🤖 AI Summary
This work addresses the limitation of traditional conformal prediction, which relies on a fixed sample size and thus fails to provide valid coverage guarantees at arbitrary time points in streaming data settings. The authors extend conformal prediction and the PAC framework to the sequential setting, achieving— for the first time—time-uniform prediction sets that remain valid under dynamically updated models and even when evaluation occurs at data-dependent stopping times. Their approach integrates time-uniform conformal theory, sequential hypothesis testing, and probabilistic inequalities to construct prediction intervals with guaranteed coverage at any stopping time.

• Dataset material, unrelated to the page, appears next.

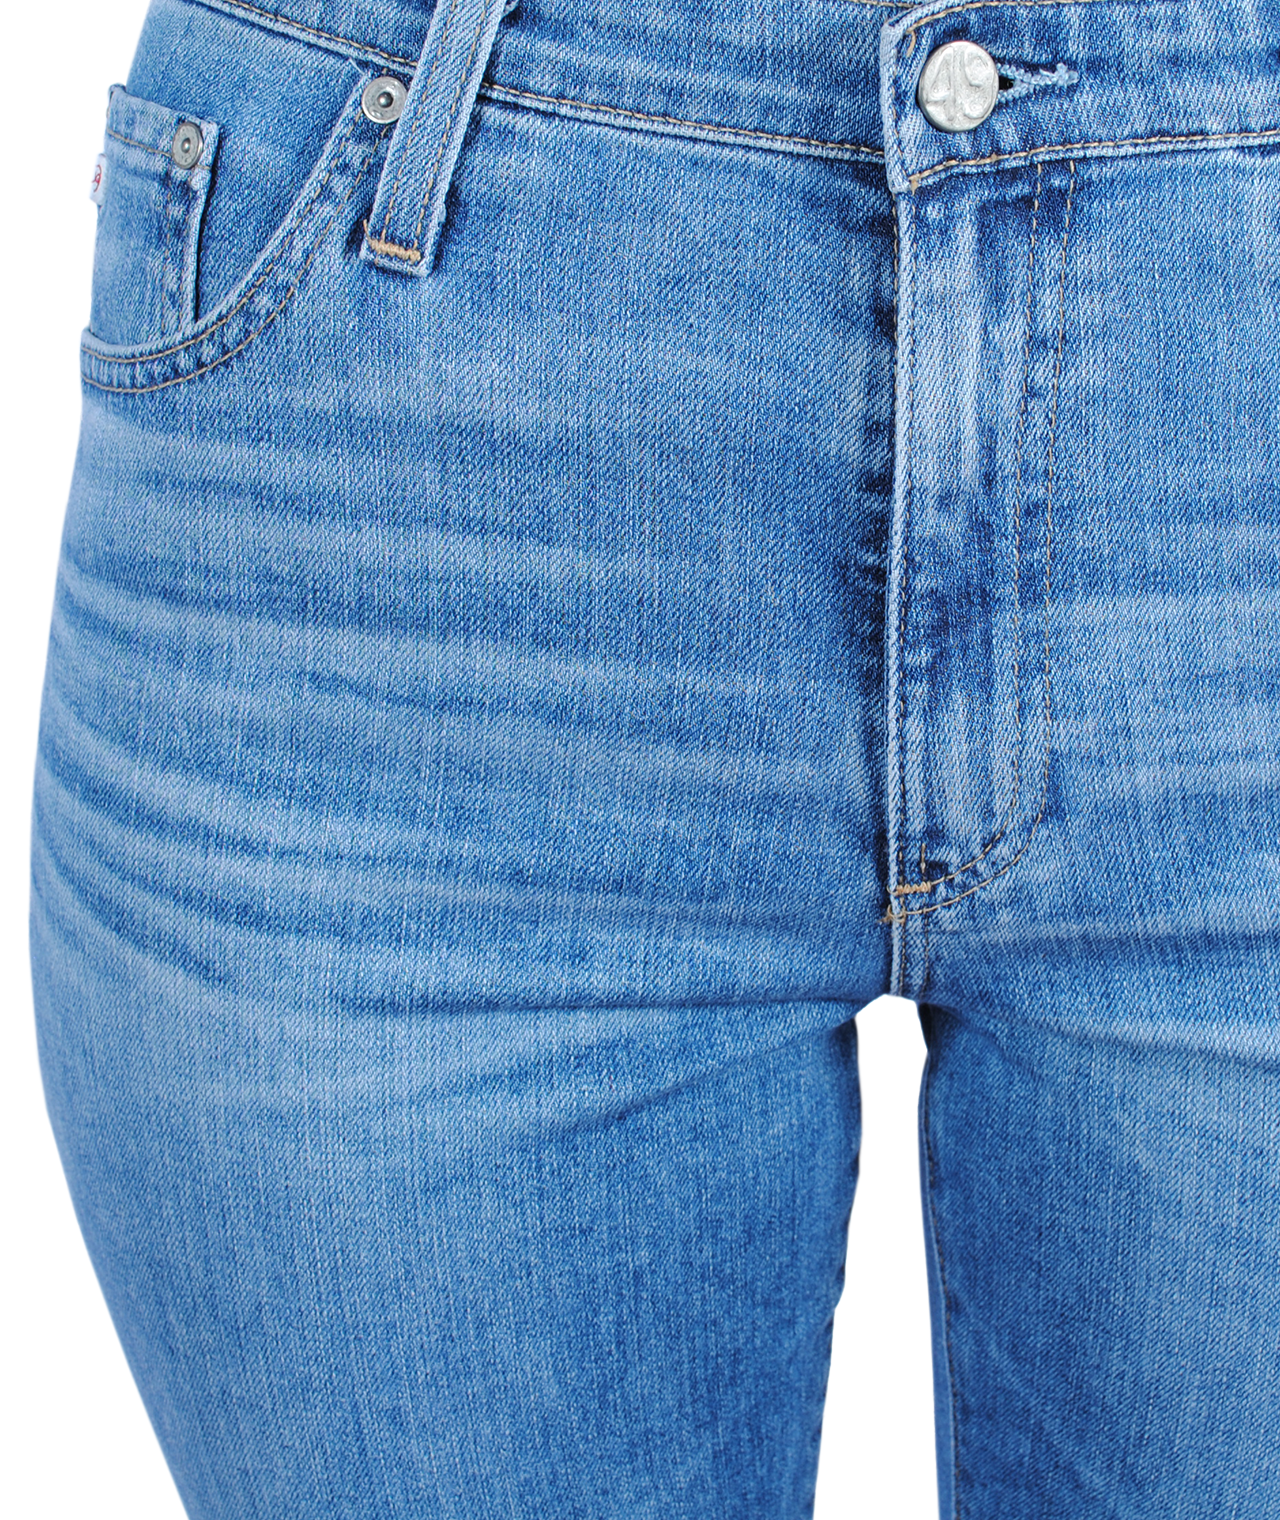 Jeans Isabelle | helldenim

Empirical evaluations on both synthetic and real-world datasets demonstrate the method’s theoretical soundness and practical utility.
📝 Abstract
Given that machine learning algorithms are increasingly being deployed to aid in high stakes decision-making, uncertainty quantification methods that wrap around these black box models such as conformal prediction have received much attention in recent years. In sequential settings, where data are observed/generated in a streaming fashion, traditional conformal methods do not provide any guarantee without fixing the sample size. More importantly, traditional conformal methods cannot cope with sequentially updated predictions. As such, we develop an extension of the conformal prediction and related probably approximately correct (PAC) prediction frameworks to sequential settings where the number of data points is not fixed in advance. The resulting prediction sets are anytime-valid in that their expected coverage is at the required level at any time chosen by the analyst even if this choice depends on the data. We present theoretical guarantees for our proposed methods and demonstrate their validity and utility on simulated and real datasets.